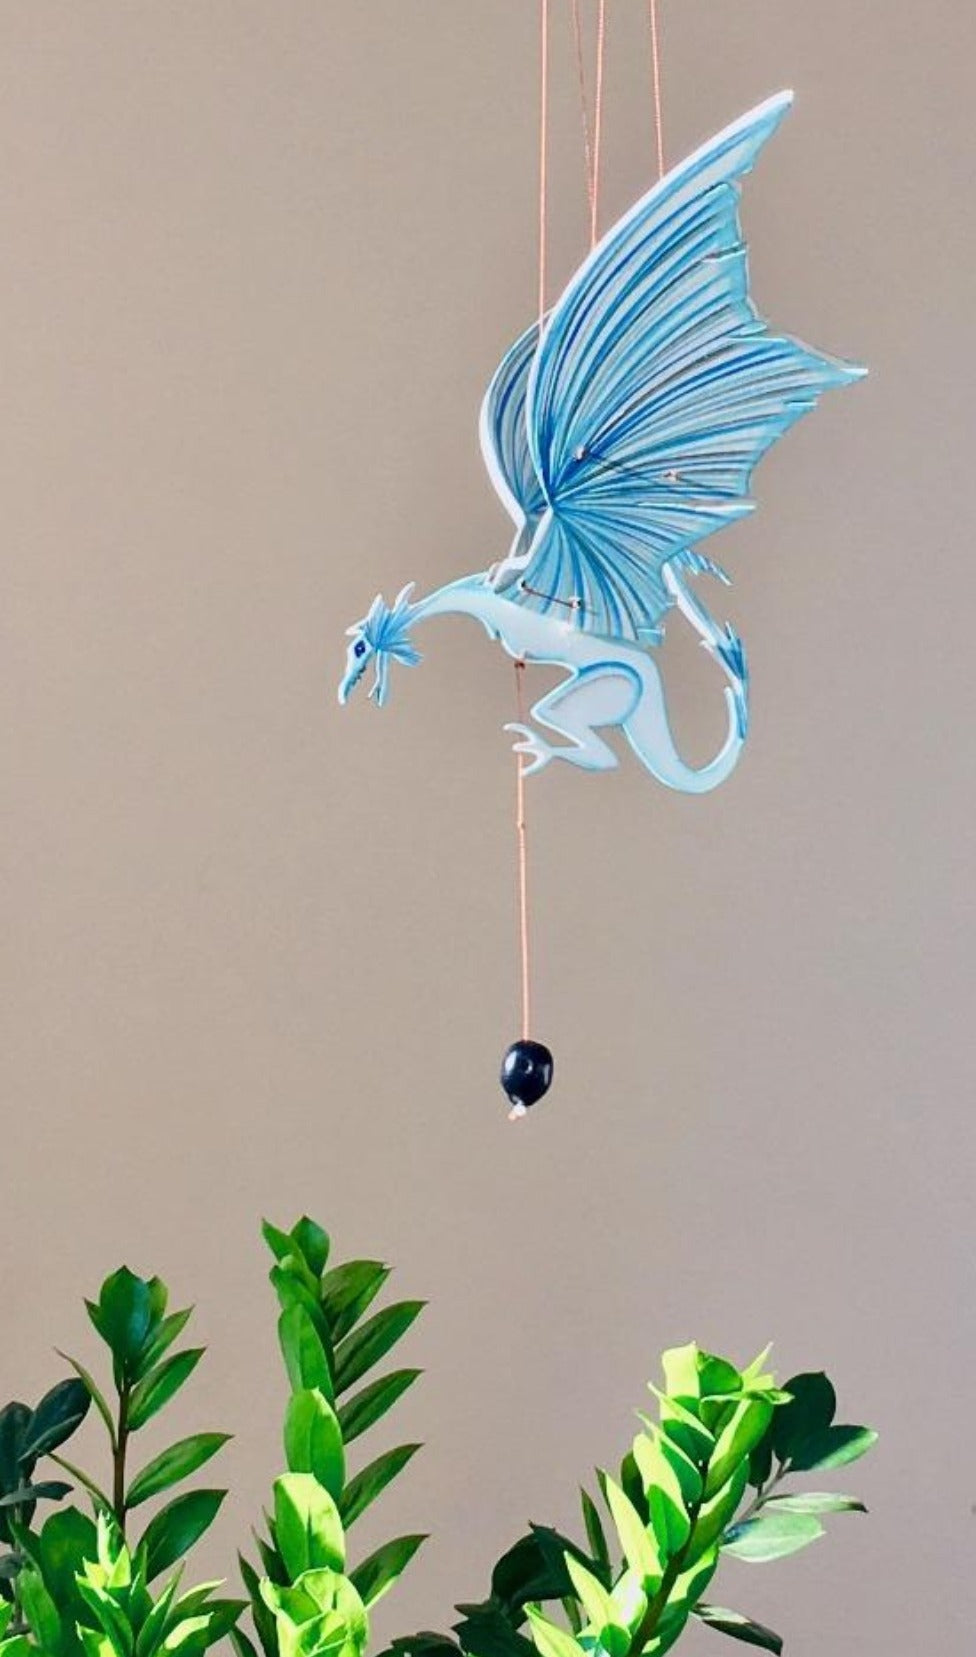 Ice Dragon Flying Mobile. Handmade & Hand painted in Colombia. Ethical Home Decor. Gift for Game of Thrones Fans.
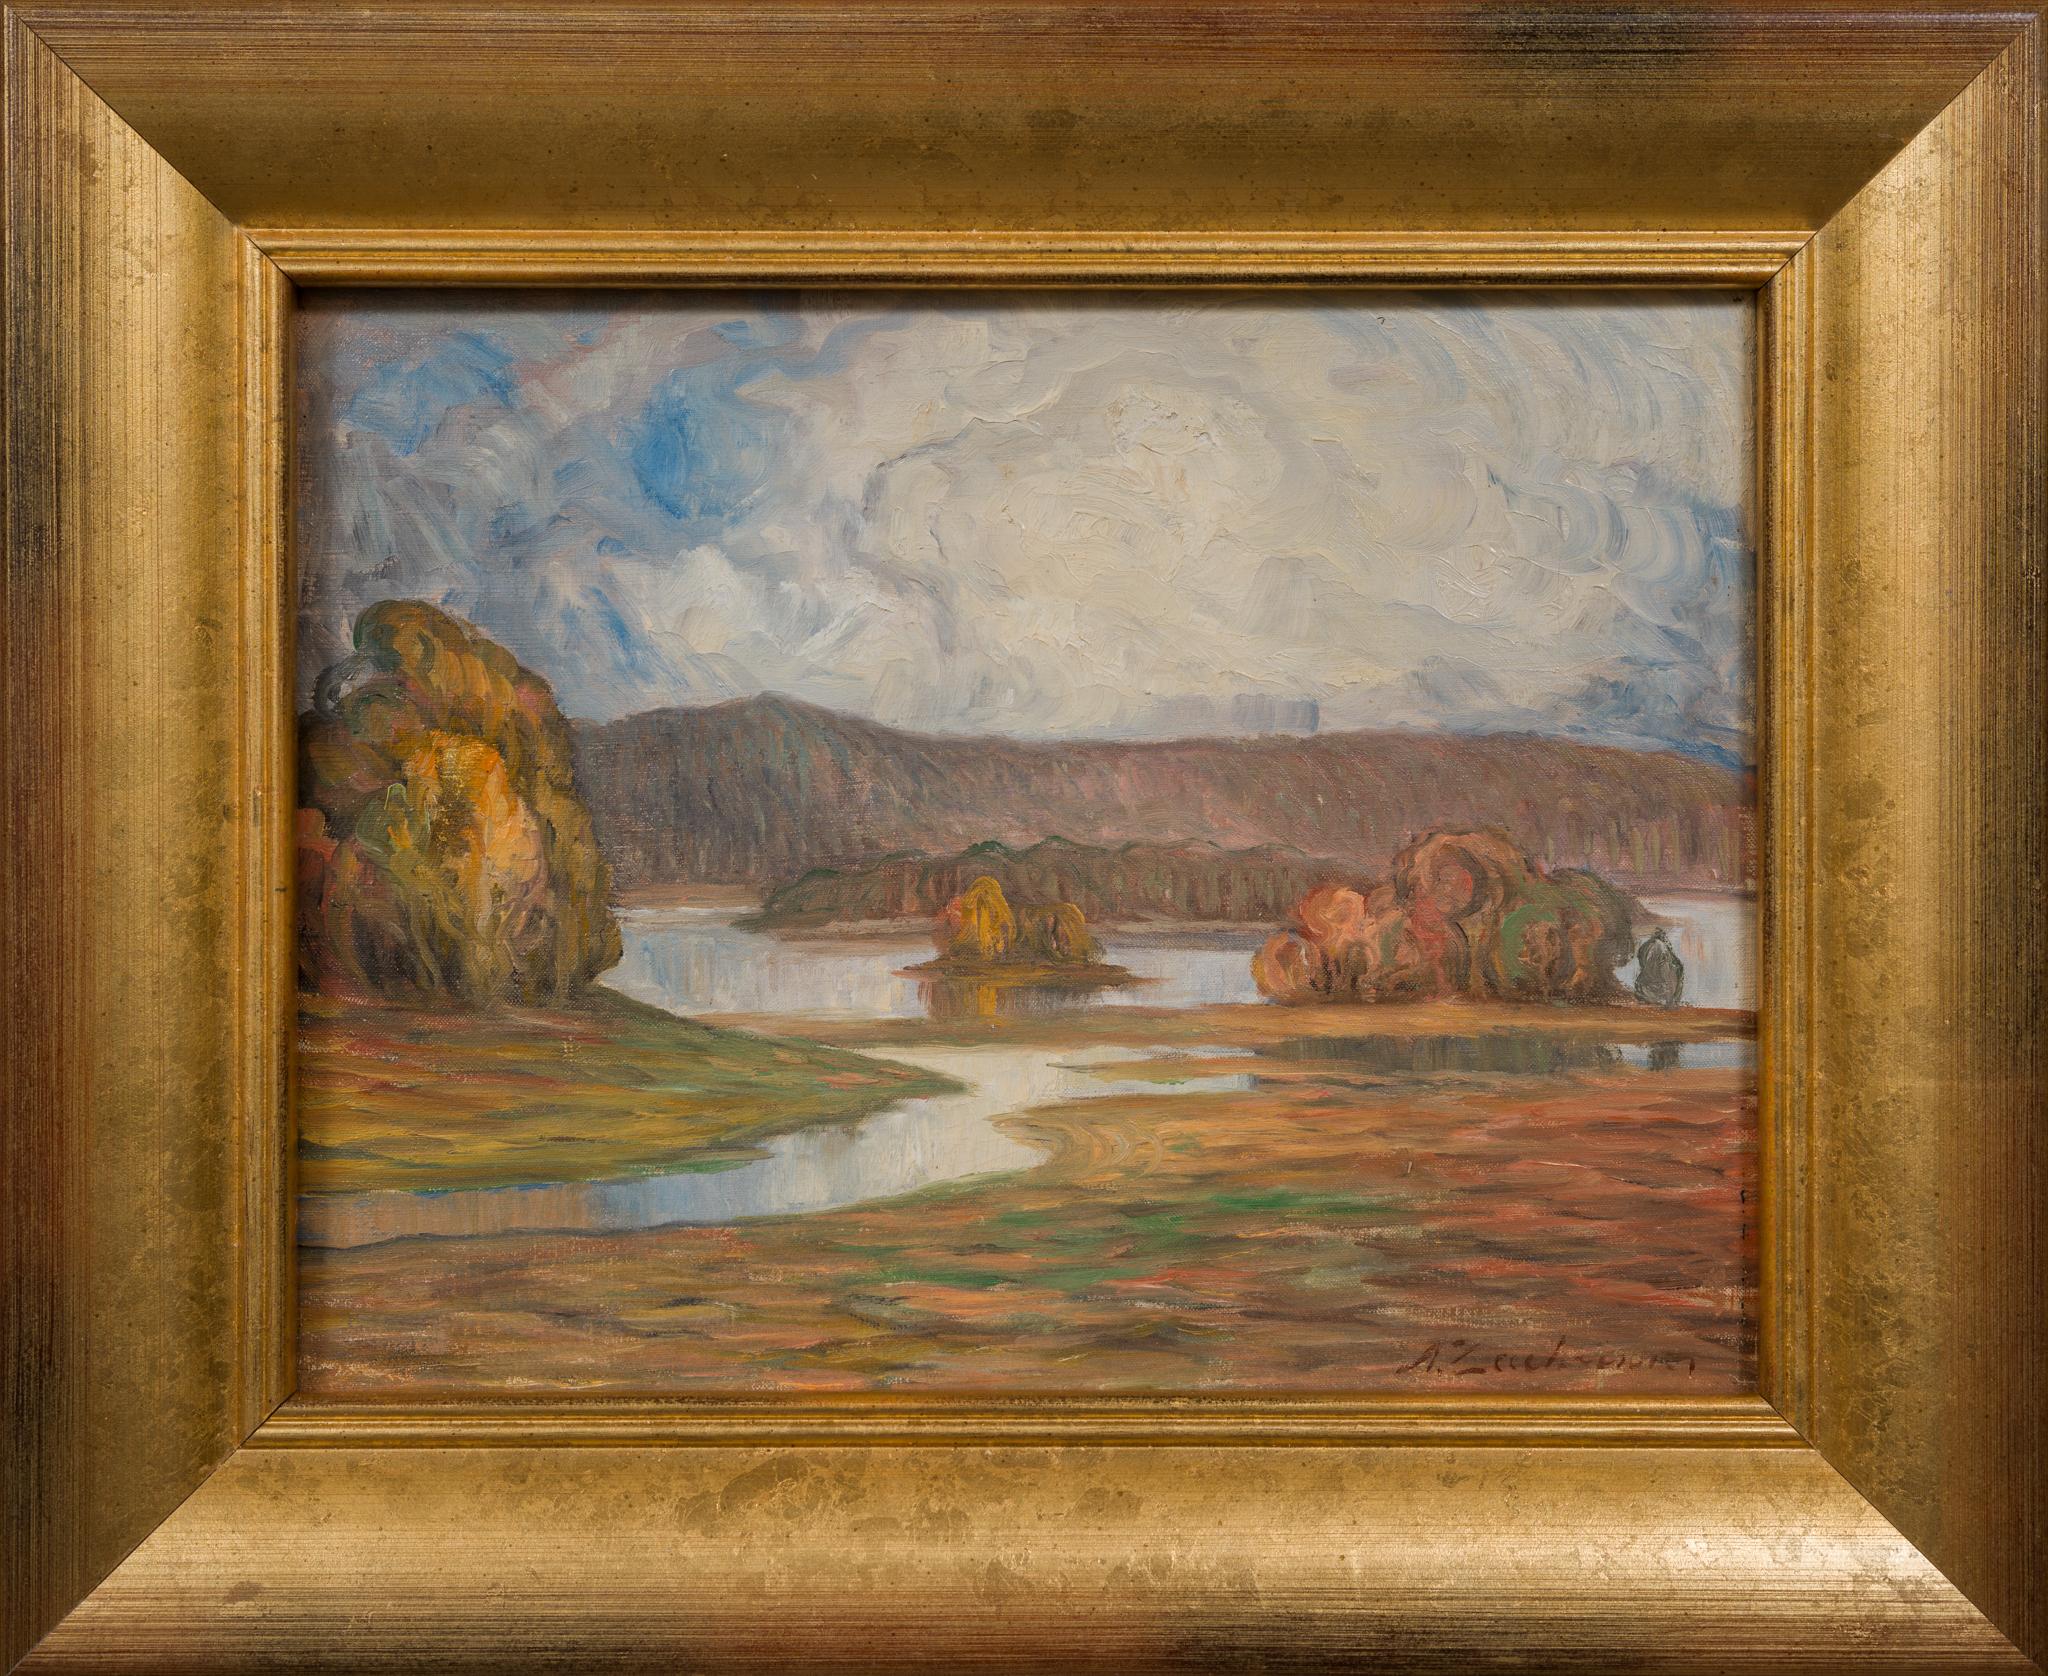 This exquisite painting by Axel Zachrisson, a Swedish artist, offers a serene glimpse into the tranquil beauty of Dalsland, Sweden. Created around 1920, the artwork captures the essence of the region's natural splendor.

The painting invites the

→ **THE TASK**:
Reproduce the listing exactly. Leave its pictures out.

→ **ANSWER FOR THIS EXERCISE**:
 Ice Dragon Flying Mobile. Handmade & Hand painted in Colombia. Ethical Home Decor. Gift for Game of Thrones Fans.
 This exquisite painting by Axel Zachrisson, a Swedish artist, offers a serene glimpse into the tranquil beauty of Dalsland, Sweden. Created around 1920, the artwork captures the essence of the region's natural splendor.

The painting invites the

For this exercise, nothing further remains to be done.